Can't get the search data to appear
Hi
I am trying to scrape www.euroauctions.com but when I inspect the site in Chrome I can find the URL that provides the data for the search results, but cannot seem to get it to run on SS.
I keep getting 500 server errors.
This is the URL and it has 3 parameters: filters, page & node ID (although there appears to be two records in the filter parameter (auctionId and masterCategoryId)
I am hoping there is a straightforward solution to this problem as it looks (relatively) straightforward thereafter?
Thanks for any help you can let me have in advance.
Jason
I see the site is using
I see the site is using ReCaptcha to arrest bots. It might be something you can work with, but it's probably going to be pretty complex, and require another service for captcha resolution.
Think I'll try harder to get an xml feed
Hopefully we won't come across too many of these!
Thanks
Jason
I have now got a json feed - stumped
The feed is one long list of 1500+ records with 20+ fields per record. I have written a pattern to extract the data which works, but if I use all of the tokens then it times out (too much going on, I assume.)
Is there a better way to step through the records and save as a csv file as I need to manipulate the data prior to using it?
Or is there a better JSON to csv converter?
Thanks
Jason
We ship the org.json library
We ship the org.json library with screen-scraper, and I use it when I need to read JSON.
Quick tutorial here: https://www.tutorialspoint.com/org_json/org_json_quick_guide.htm
Here is a sample where I make a new DataRecord, and have to parse each JSON node into the DataRecord.
DataRecord d = session.getv("_DATARECORD");
JSONObject obj = new JSONObject(dataRecord.get("JSON"));
JSONArray res = obj.getJSONArray("result");
int hits = res.getInt(0);
String con = res.getString(1);
if (hits>0)
{
JSONArray sobj = new JSONArray(con);
for (int i=0; i<sobj.length(); i++)
{
DataRecord dr = new DataRecord();
JSONObject party = sobj.getJSONObject(i);
dr.put("ROLE", party.getString("PARTYTYPE"));
String filing = StringUtils.substringBefore(party.getString("FILING"), " ");
d.put("FILING_DATE", filing);
filing = StringUtils.lowerCase(filing);
filing = StringUtils.capitalize(filing);
LocalDate filingDate = LocalDate.parse(filing, datePattern);
d.put("FILING_DATE_CLEAN", filingDate);
String name = party.getString("PARTY");
name = sutil.stripHTML(name);
name = StringUtils.normalizeSpace(name);
if(!StringUtils.startsWithIgnoreCase(name, "Does "))
{
log.log(">>>Parsing name: " + name);
String address = "";
String[] parts = name.split("\\s\\d", 2);
log.logObjectByType(parts);
name = parts[0];
if (parts.length>1)
{
address = parts[1];
}
dr.put("NAME", name);
log.log("address: " + address);
if (!sutil.isNullOrEmptyString(address))
{
dr.put("ADDRESS_RAW", address);
courtRecordsUtility.addDataForTable("locations", dr, true);
}
courtRecordsUtility.addDataForTable("people", dr, true);
String attr = party.getString("ATTORNEY");
attr = sutil.stripHTML(attr);
attr = StringUtils.normalizeSpace(attr);
if (!sutil.isNullOrEmptyString(attr) && !StringUtils.equalsIgnoreCase(attr, "Pro Per"))
{
DataRecord dr2 = new DataRecord();
dr2.put("ROLE", "Attorney");
dr2.put("NAME", attr);
dr2.put("PERSON_UID",caseUid + attr);
courtRecordsUtility.addDataForTable("people", dr2, true);
}
}
}
courtRecordsUtility.addDataForTable("cases", d, true);
dm.flush();
}
Thank you for the info - might need a couple more pointers...

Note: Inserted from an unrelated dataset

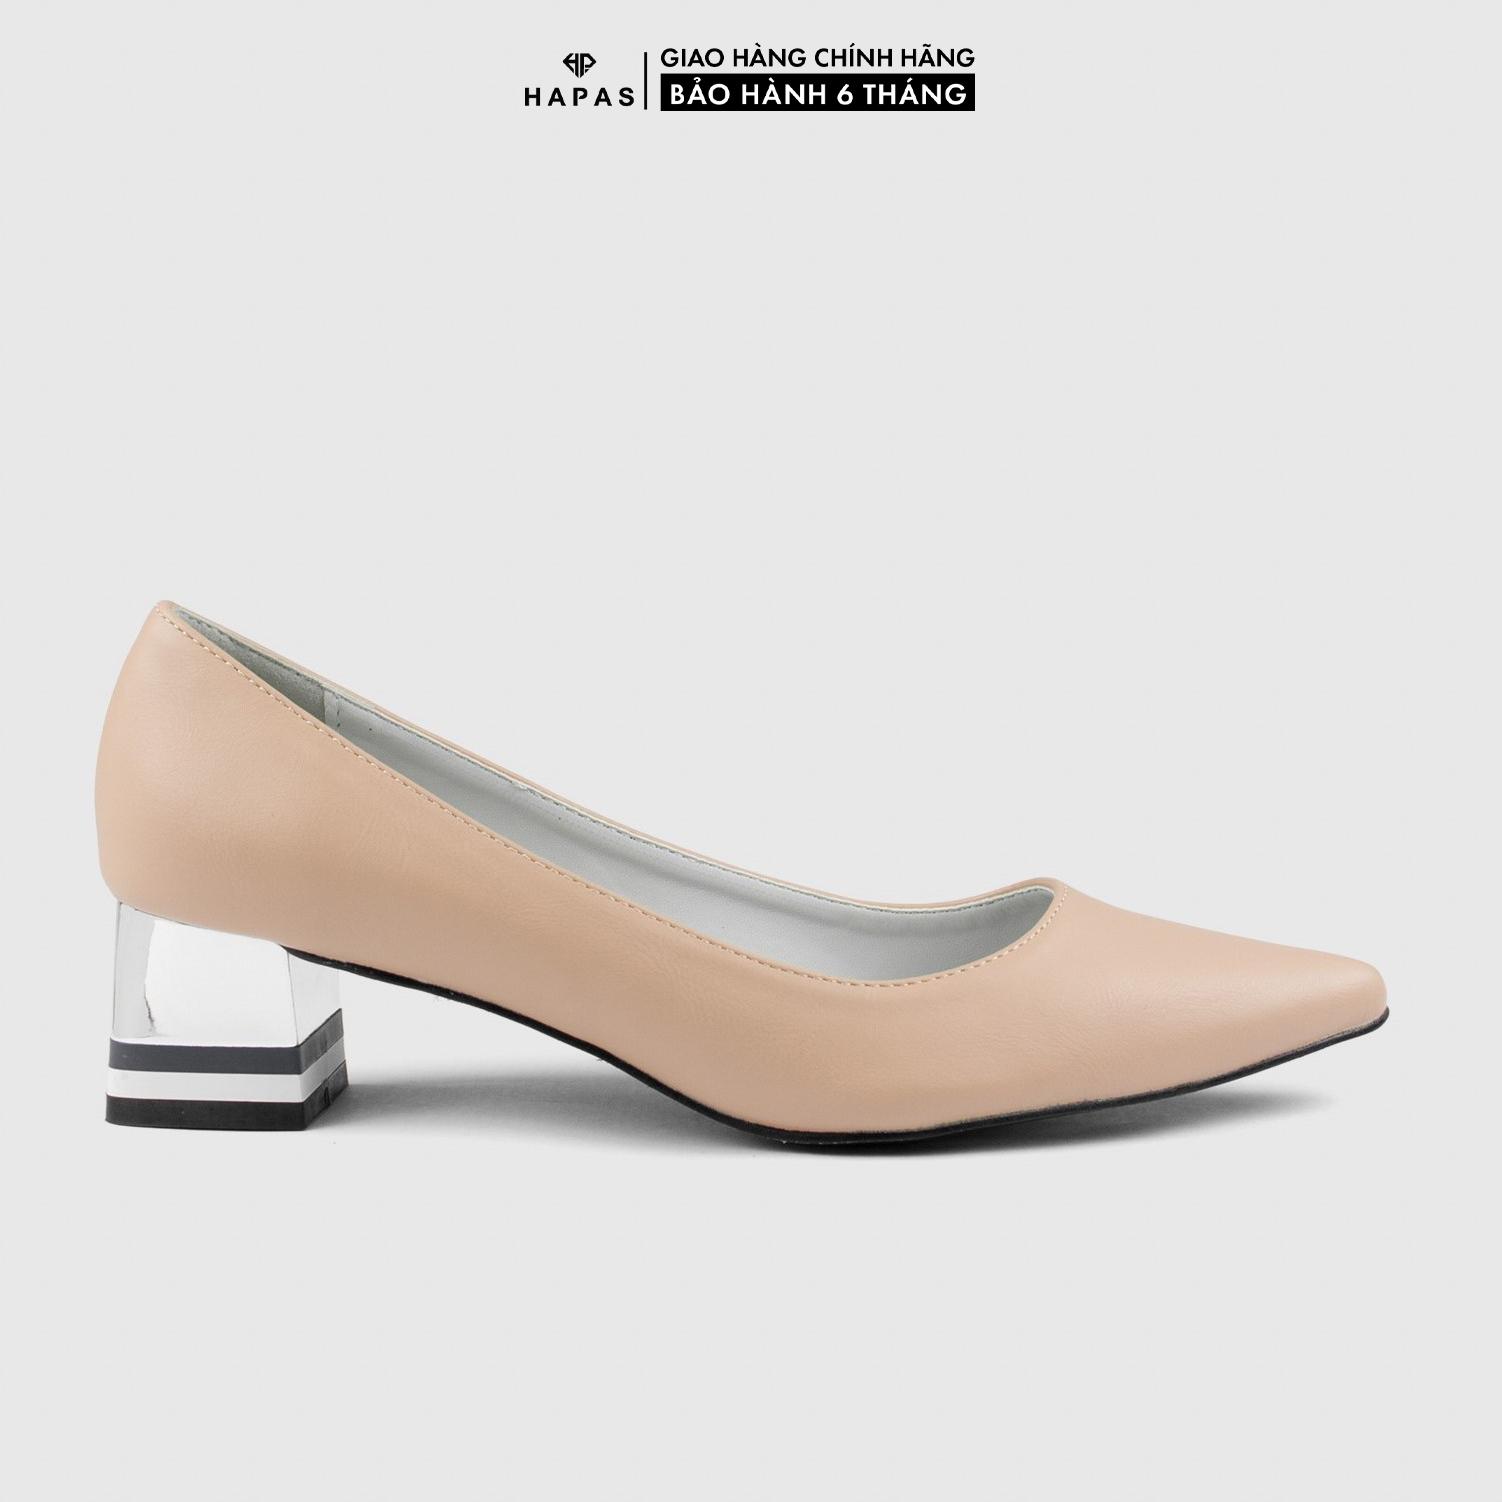 Giày Cao Gót Nữ Đế Vuông Da Mờ 5Phân HAPAS - CG5543

So I create a scrapeable file using the following URL (emailed for privacy)
The resulting response is very long - so what do I put in my '_DATARECORD' field - the whole thing or just the initial node as an example?
What is the input needed for the 'JSON' in your example here: JSONObject obj = new JSONObject(dataRecord.get("JSON"));
I think your example may be a little too high tech for me. All I am looking to do is take some of the fields from the node (images, make, model year, sale date etc.) Here is an example of one of the (1500+) nodes
The start of the api shows: {"APIKey":"The key is in here","function":"GetItems","result":"OK","message":null,"data":[{"auctionId":590,"r.......
So I assume I am looking to use:
JSONArray array = obj.getJSONArray("data");
But I could just do with a couple more tips...
Many thanks
Jason
I don't know what more to
I don't know what more to point you to than that tutorial. You can sometimes make extractor patterns and pull things from JSON like that, but if that can't get you want you want, you need to parse it--the tutorial link I sent is the easiest one I've found.